The differences between free trade and protectionism
Free trade is where there is little or no barries to trade, this is to allow domestic goods to be bought easily. Protectionism is where a government enforces regulations to protect the interest of domestic businesses, this usually varies across different borders. In a rapidly developing country such a China you would expect a lot of free trade however there could be many barriers to prevent trade.

Single markets
A single market is created to allow free trade within a particular area. An example of this is the EU, anyone who lives in the EU is entitle to work in any EU country without any difficulties of a permit. From a business perspective trade occurs very easily because there are low barriers of entry.

Advantages and disadvantages of single market

Advantages
Easy to trade
More availability of raw materials
Distribution costs lower
Low barriers of entry

Disadvantages
Could damage domestic businesses
Some countries could grow faster than others with this policy
Businesses could monopolize the market

Factors affecting businesses moving into international markets
Levels of corporation tax
Protectionism
Laws and legislation
Ease of distribution
Bureaucracy
Investment rate of country
Infrastructure
Employment/Unemployment levels
Literacy rate
Exchange rates
Trade alliances

The impact of Globalisation on consumers
More variety in their products
More value for money
Tough regulations on foreign companies could raise the price for all products, because small domestic businesses need to match the same price of large foreign businesses to be able to compete
Better customer service
Better ability to potentially barter

Advantages and disadvantages of businesses that trade across international borders
Advantages
More profit
Access to a new market
Increase market share/ brand awareness
Government limitations
Disadvantages
Protectionism
Copyright issue
Joint Ventures
Lack of availability for workforce


Mergers and takeovers with examples
A merger is when two businesses join together and a takeover is when one business takes over another business. There are two types of mergers there is a voluntary merger, this happens when a business agrees terms for a takeover and there is a non-voluntary merger is when no real terms have been agreed between two businesses. The other type of merger is a forced merger by forced such as buying the majority shares in a business. Mergers and acquisitions are often a term used to give reference to different type of takeover, with integration used to describe mergers. Acquisition is where a company enters a market by taking over another business.
 
Vertical and horizontal integration 
The terms horizontal and vertical integration are usually associated with the mergers and takeovers. The first type of integration is horizontal integration, this is where both firms are on the same line of production. They both undertake one part of the same production line and they both produce very similar products. Vertical integration is where there are two businesses who are in different parts of the production process and produce very different products. An example, of this is farmers setting up selling produce rather than selling their products as a wholesaler.

The different economies of scale that apply to businesses as they expand

Technical economies of scale: When businesses invest in expensive and specialist capital machinery, this will lower the unit cost for production.

Marketing economies of scale:More power in the market bringing better negotiation power, they can get lower prices for advertisement.
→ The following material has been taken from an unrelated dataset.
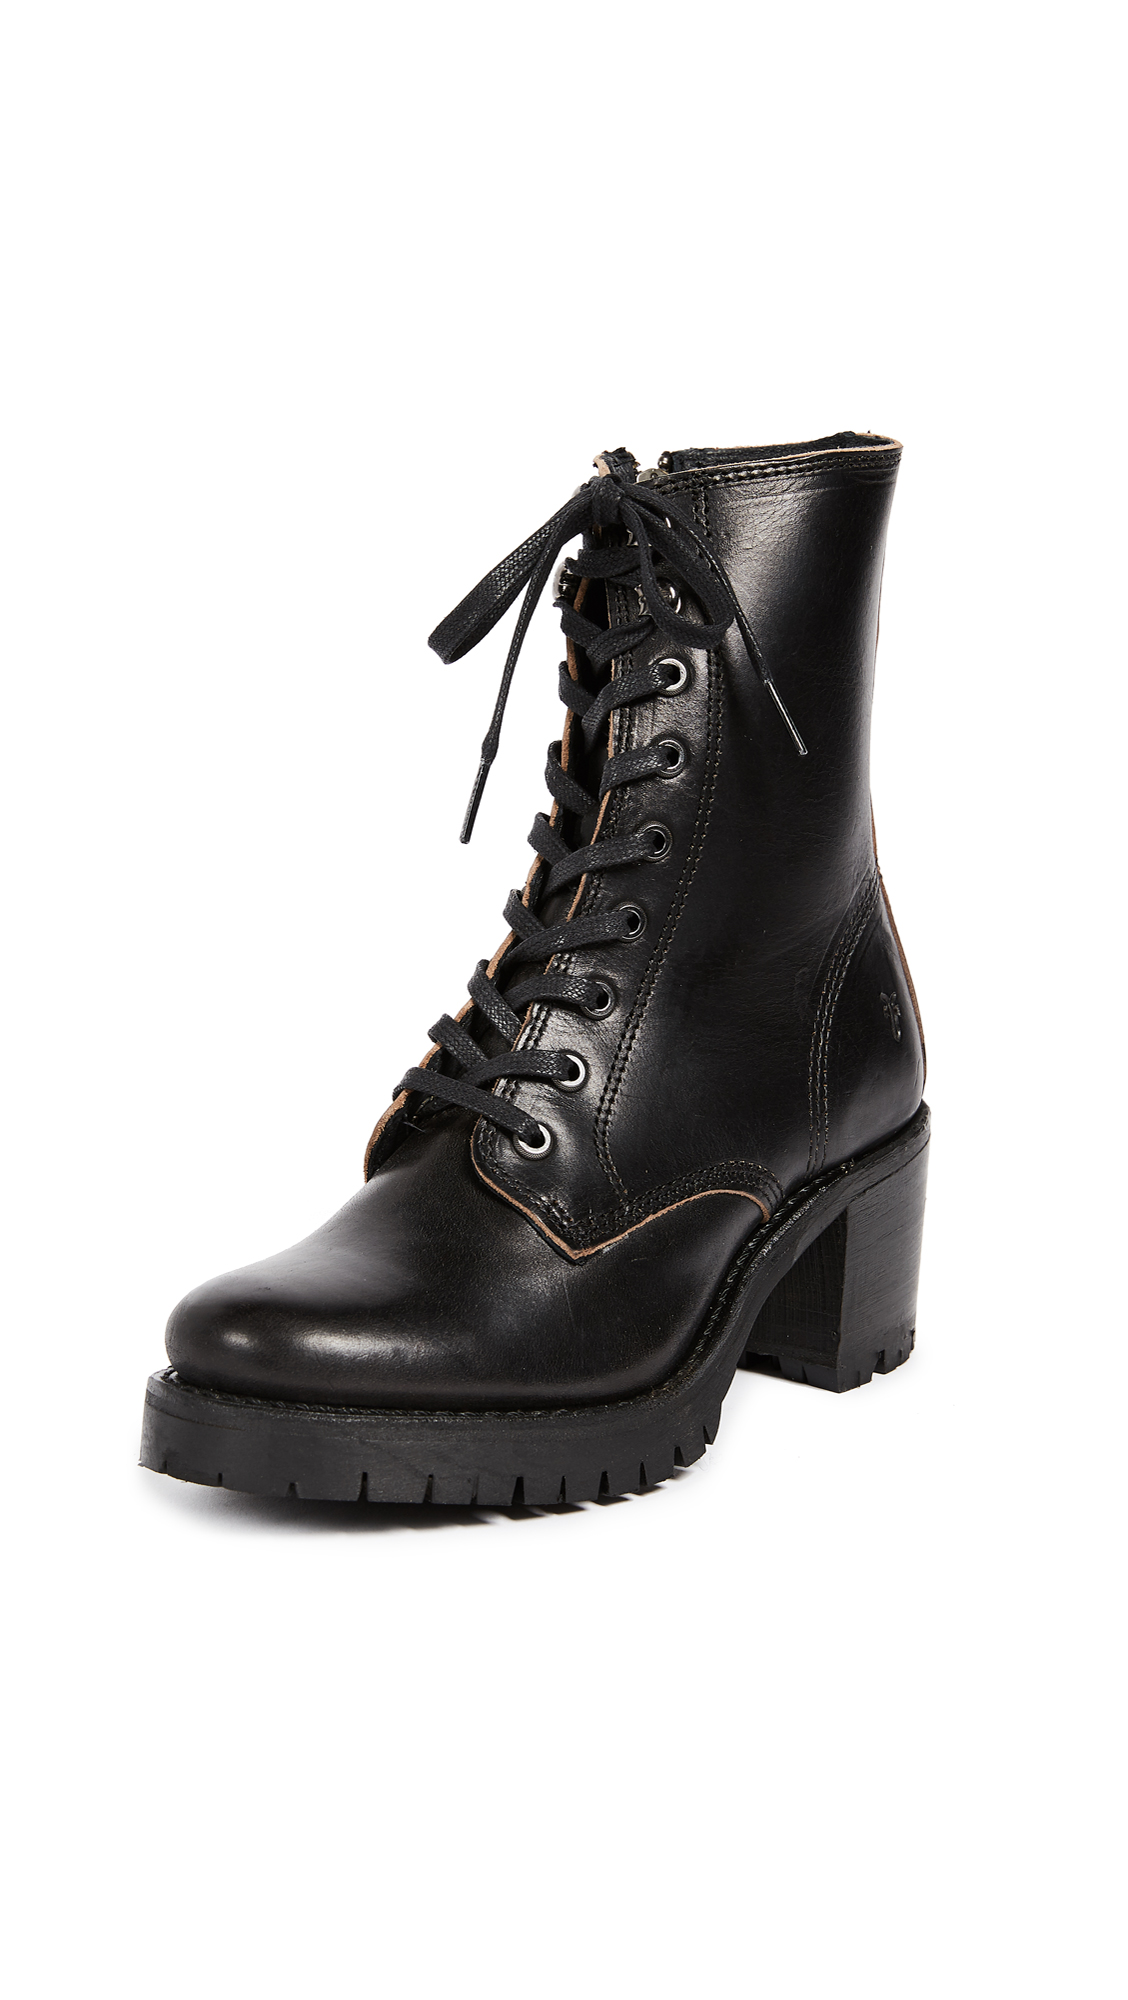 Frye Sabrina Combat Heeled Boots - Black

Financial economies of scale: Have better access to credit facilities, easier to take loans.

Managerial economies of scale: They have specialization of labour, employ specialist workers which are more efficient.

Commercial economies of scale: Purchasing economies occur when a business buys goods in bulk and benefits from discounts.

Research and development economies of scale: Research more efficient methods of production, allows changes to the production process.